What is being asked>
From the line containing "Best ideas about DIY Wall Shelf" down to the line containing "Wall Shelves Now.", copy out the entries below exactly, both lines included, and nothing else; pictures do not belong in the copy.

Materials provided>
*** Begin section ***

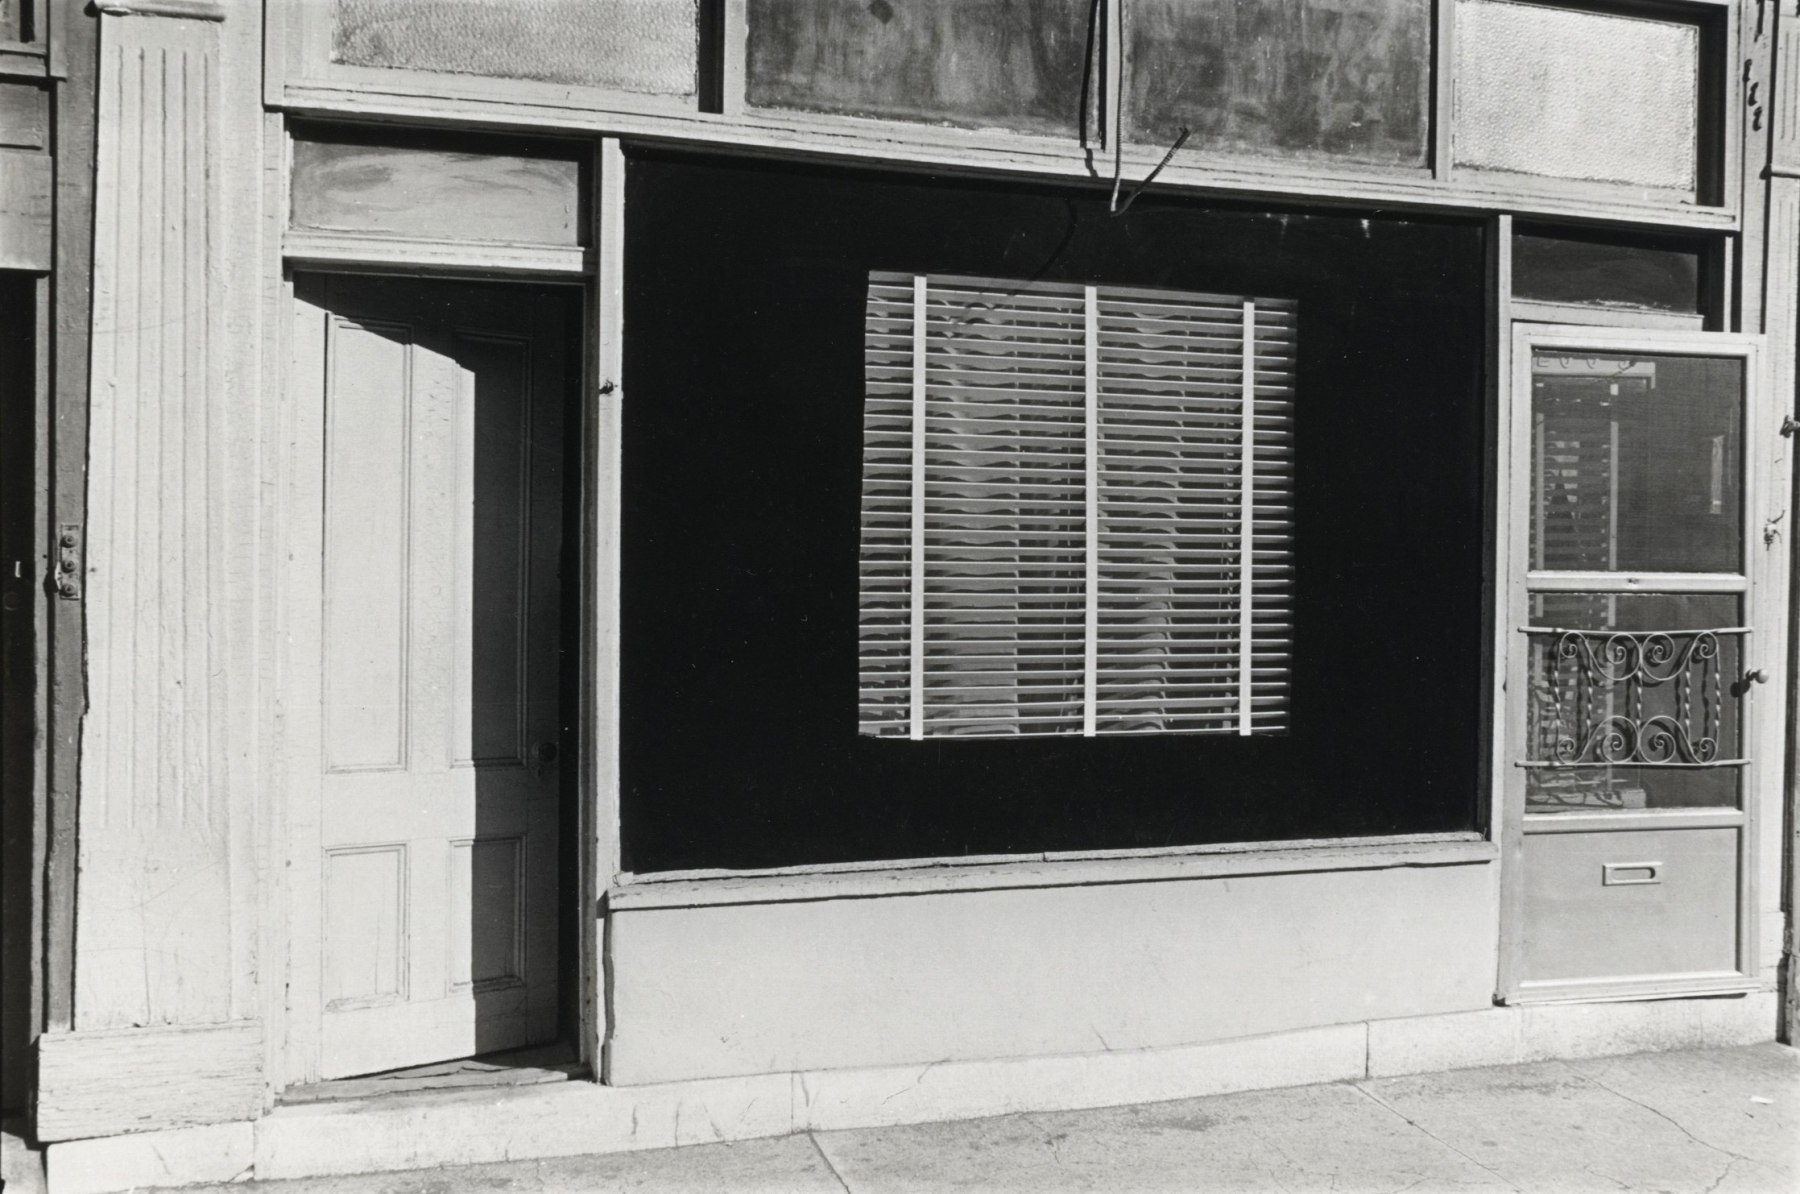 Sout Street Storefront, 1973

*** End section ***
*** Begin section ***

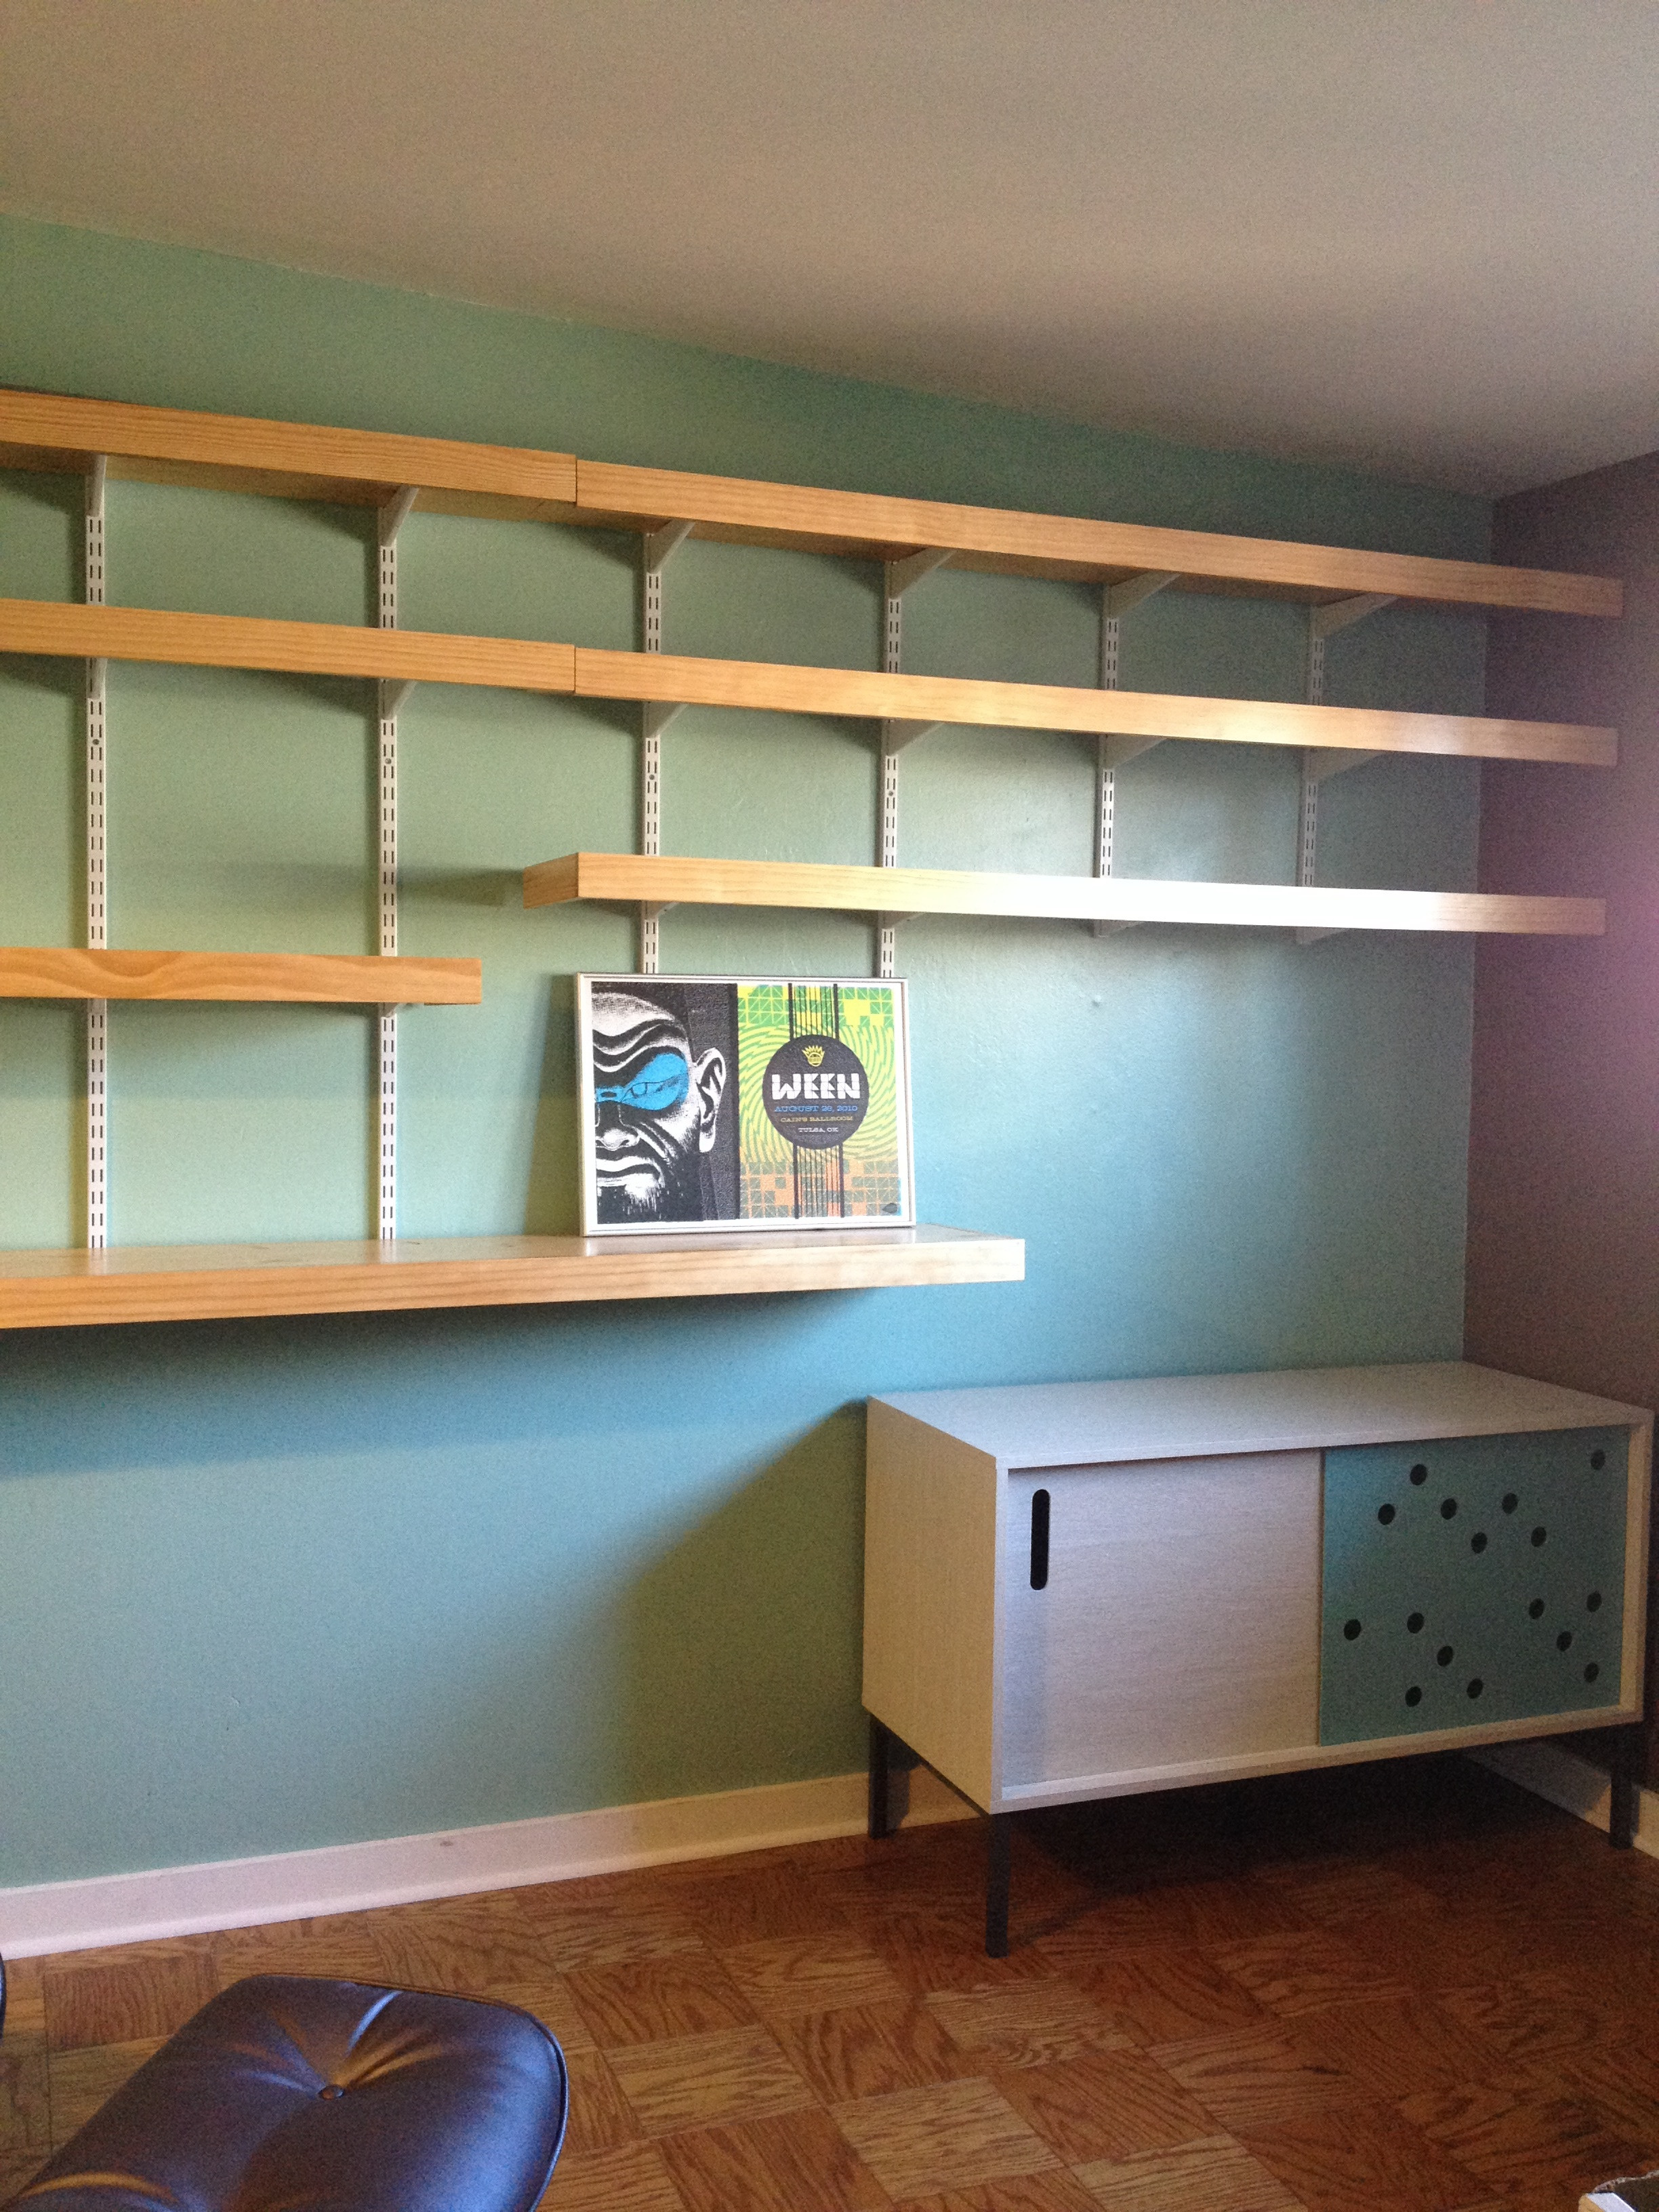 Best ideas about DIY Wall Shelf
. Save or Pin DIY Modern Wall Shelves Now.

*** End section ***
*** Begin section ***

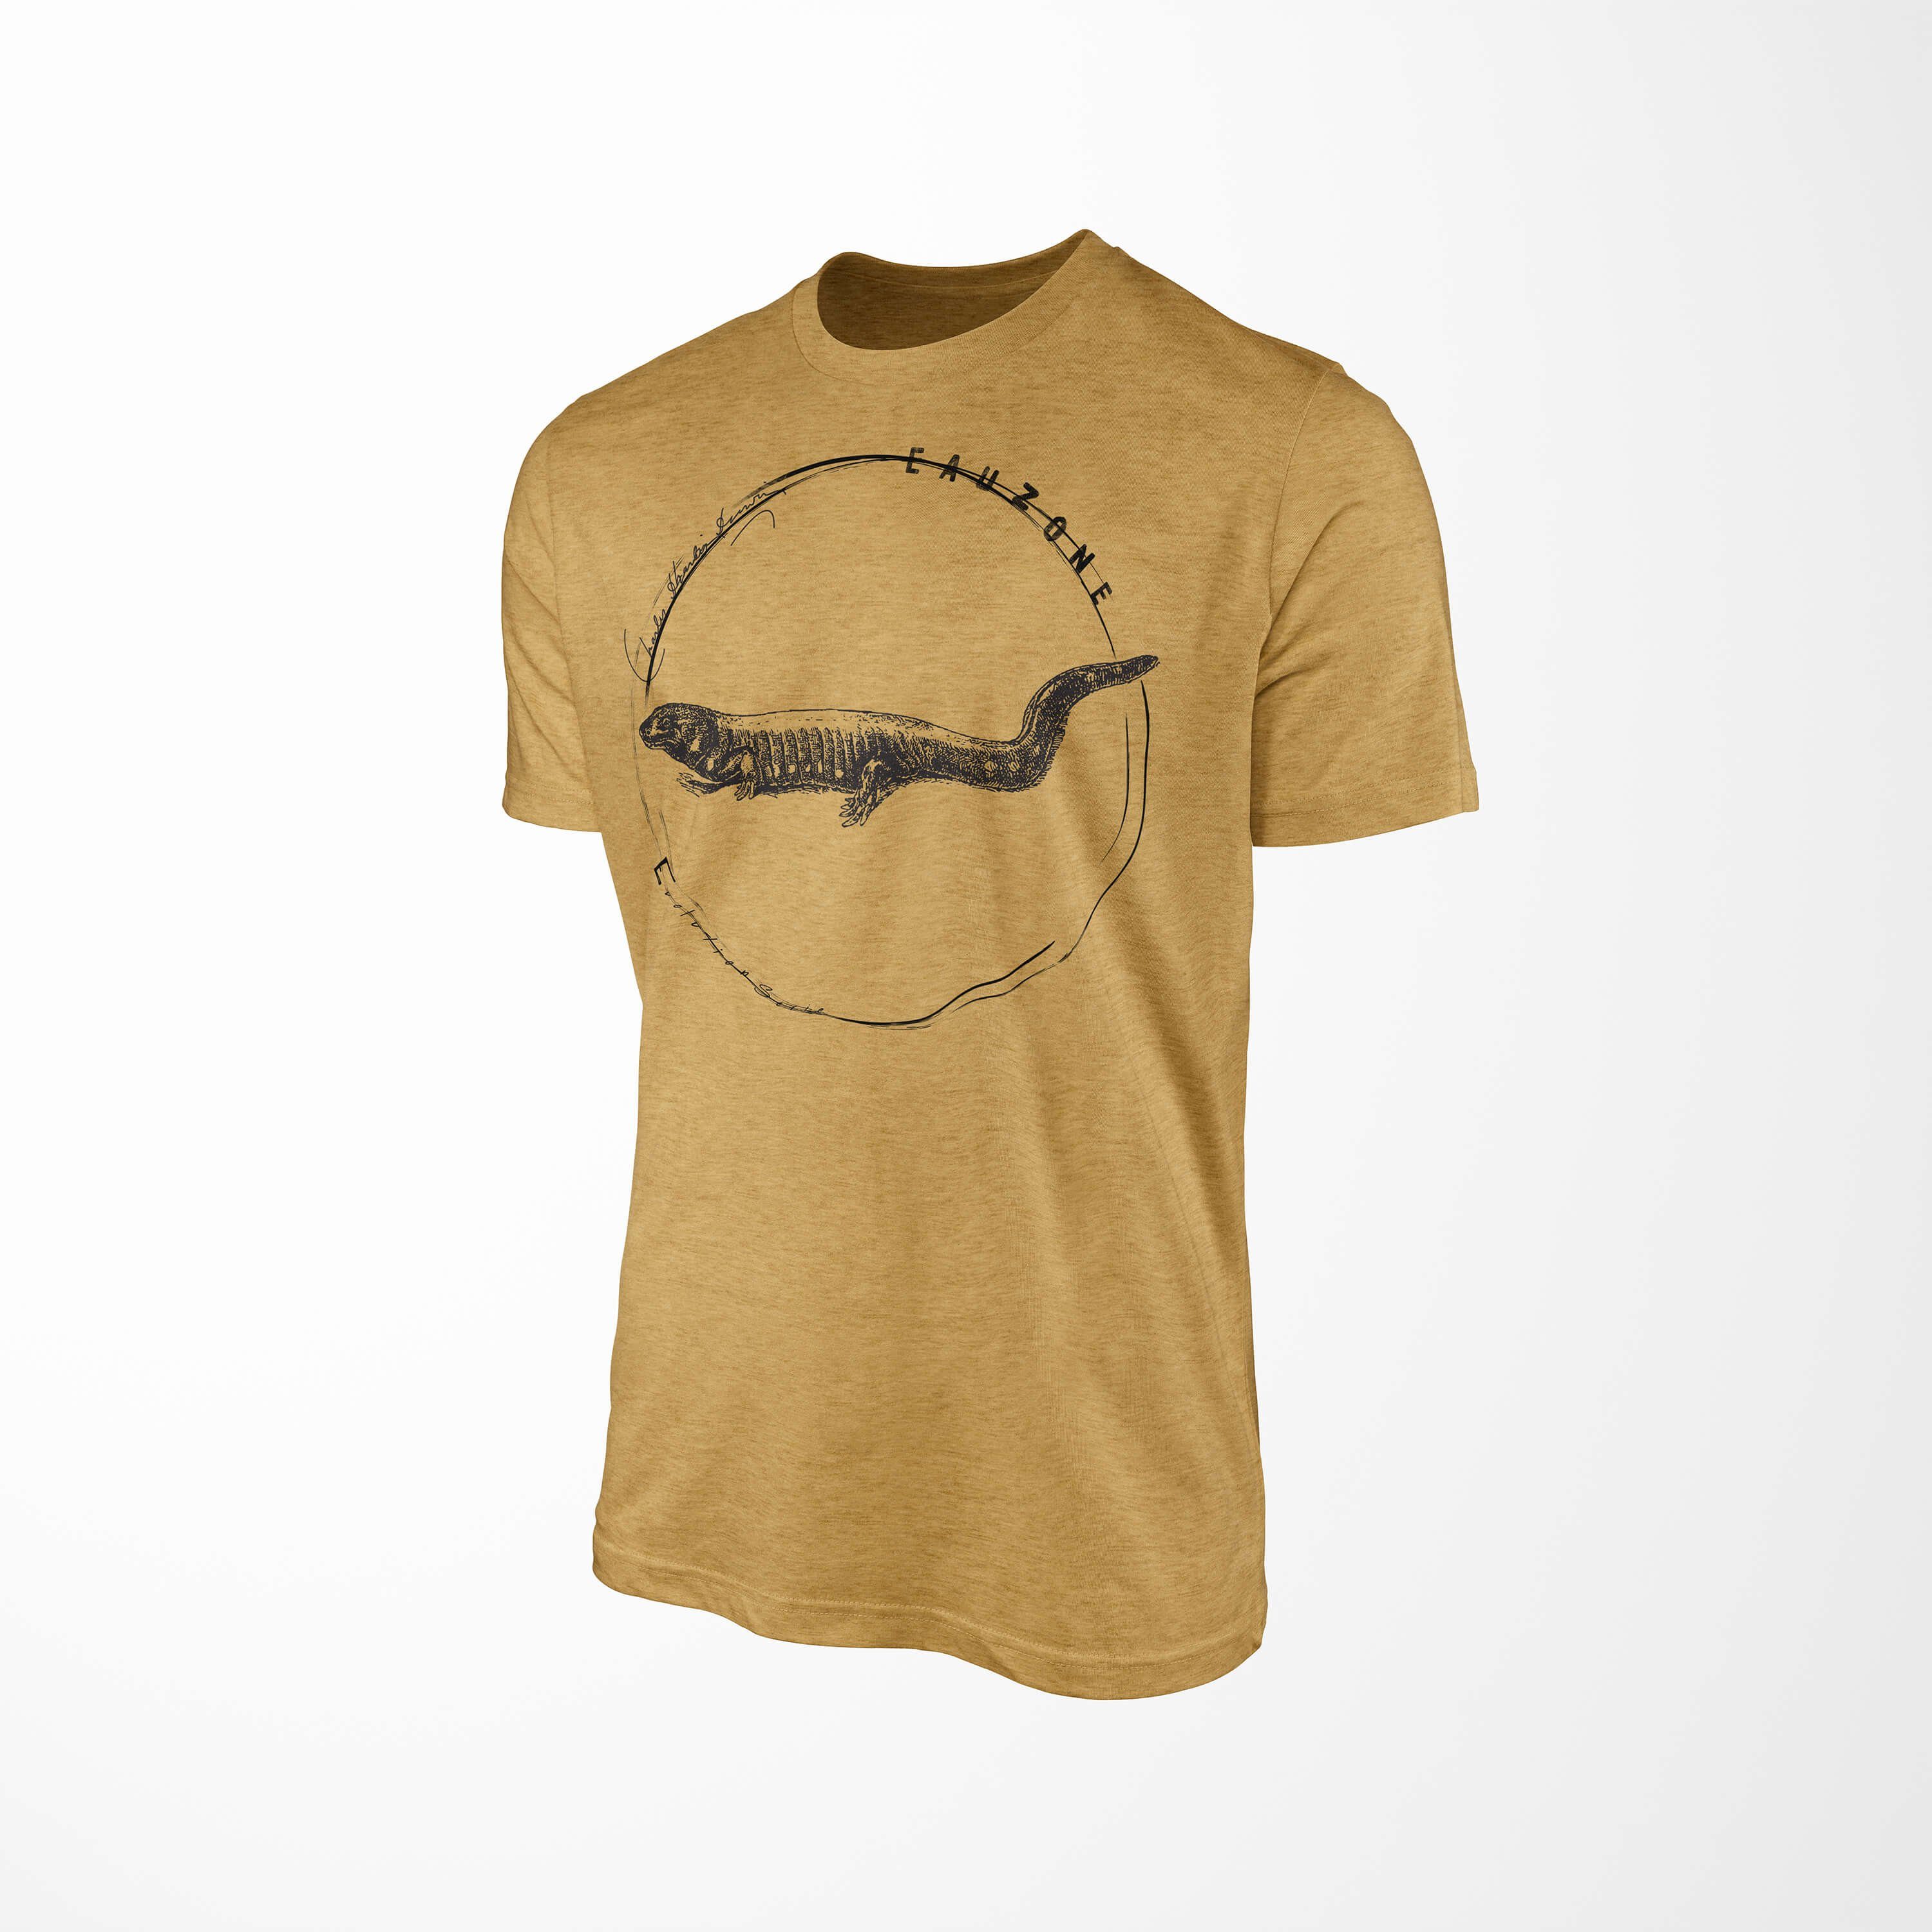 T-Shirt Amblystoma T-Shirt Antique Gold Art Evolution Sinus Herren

*** End section ***

Written response>
 Best ideas about DIY Wall Shelf
. Save or Pin DIY Modern Wall Shelves Now.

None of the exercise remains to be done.